Op een dag gaat Jeha met een zak tarwe naar de molen om er meel van te laten malen. Hij zet zijn zak ergens neer om zijn beurt af te wachten. Terwijl de anderen in beslag worden genomen door onderling te redetwisten, begint Jeha handje voor handje tarwe uit de ene zak in een andere zak, de zijne, te doen. Plotseling wordt hij op heterdaad betrapt door de molenaar -- zijn hand nog in de zak van een ander--  vraagt die hem:
-- Wat ben je nu toch aan het doen, Jeha? Schaam je je dan niet?
-- Neem het me niet kwalijk. Je weet toch dat ik een idioot ben en ik heb me in de zak vergist.

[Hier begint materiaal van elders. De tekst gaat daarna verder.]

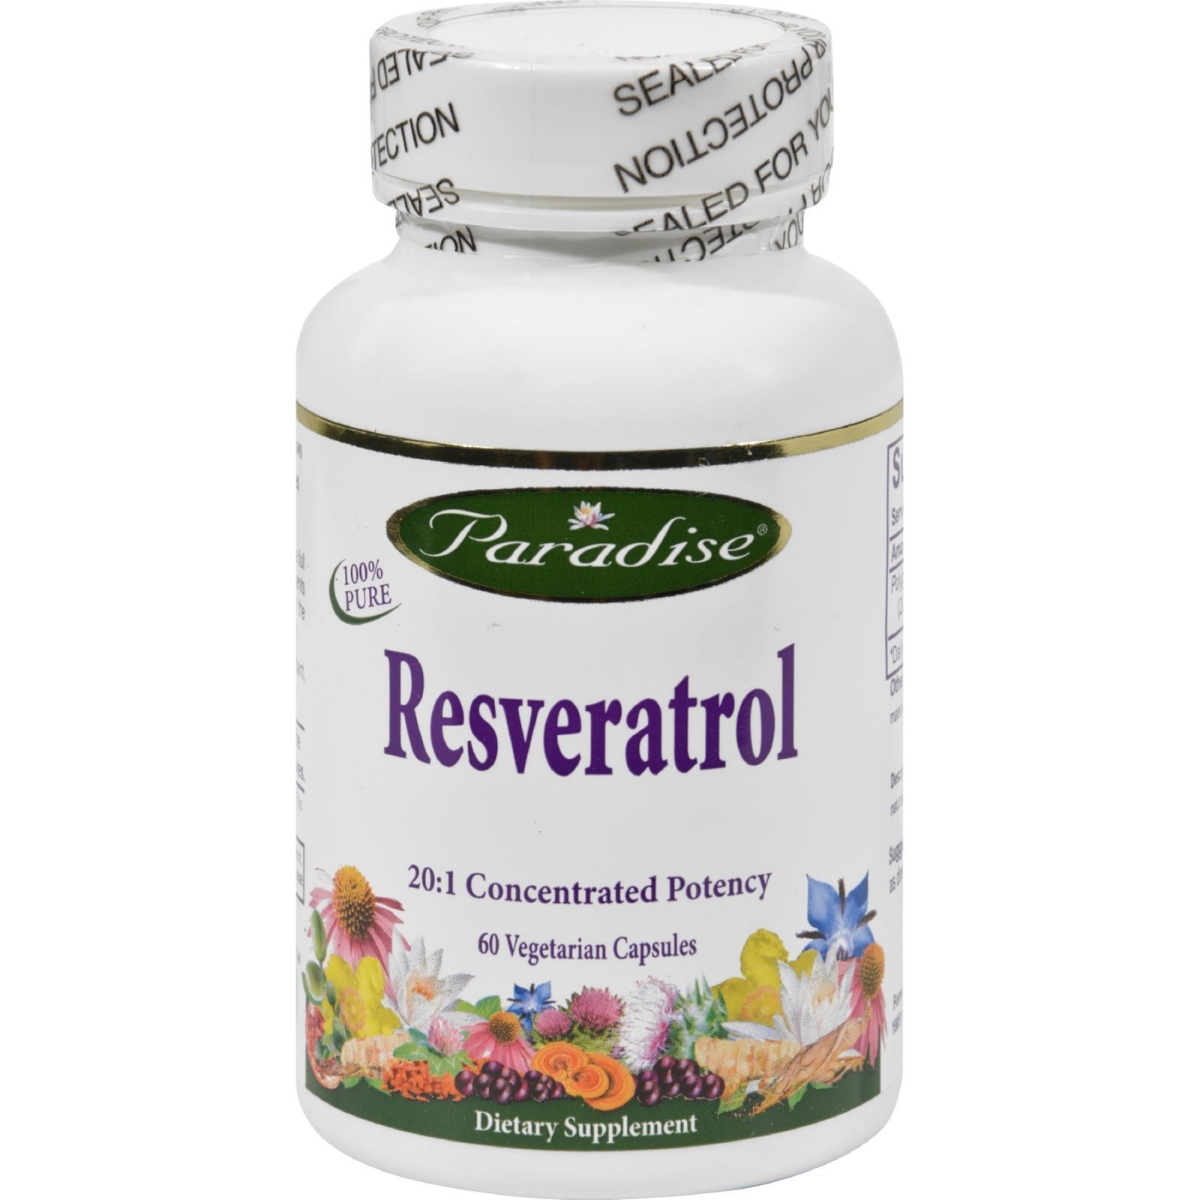 Hg0165381 Resveratrol Capsules - 60 Vegetarian Capsules

-- Als je dan echt een idioot bent, waarom doe je dan niet het omgekeerde en doe je jouw graan in de zakken van de anderen? antwoordt de molenaar.
-- Oké, ik mag dan wel een idioot zijn, zei daarop Jeha, maar zo idioot ben ik nou ook weer niet dat ik mijn eigen zak niet meer zou herkennen als die van mij!(3)


In het vervolg op dit verhaal weet hij niet meer wie hij is, en denkt hij de molenaar te zijn. Een variatie hierop is te vinden op mijn webside, Grappen van Vroeger: Wie ben ik? Maar natuurlijk kan je dit gedrag ook houden voor dat van een dommerik . Op een van mijn blogs heb ik er een theologische en psychologische uitleg aan gegeven (naar beneden scrollen). Uit deze variaties valt goed het verschil van invalshoek op een- en hetzelfde gegeven op te maken. Ze zijn door de eeuwen heen ontstaan en vertellen ons hard en duidelijk iets over onze intuïtie voor recht en onrecht.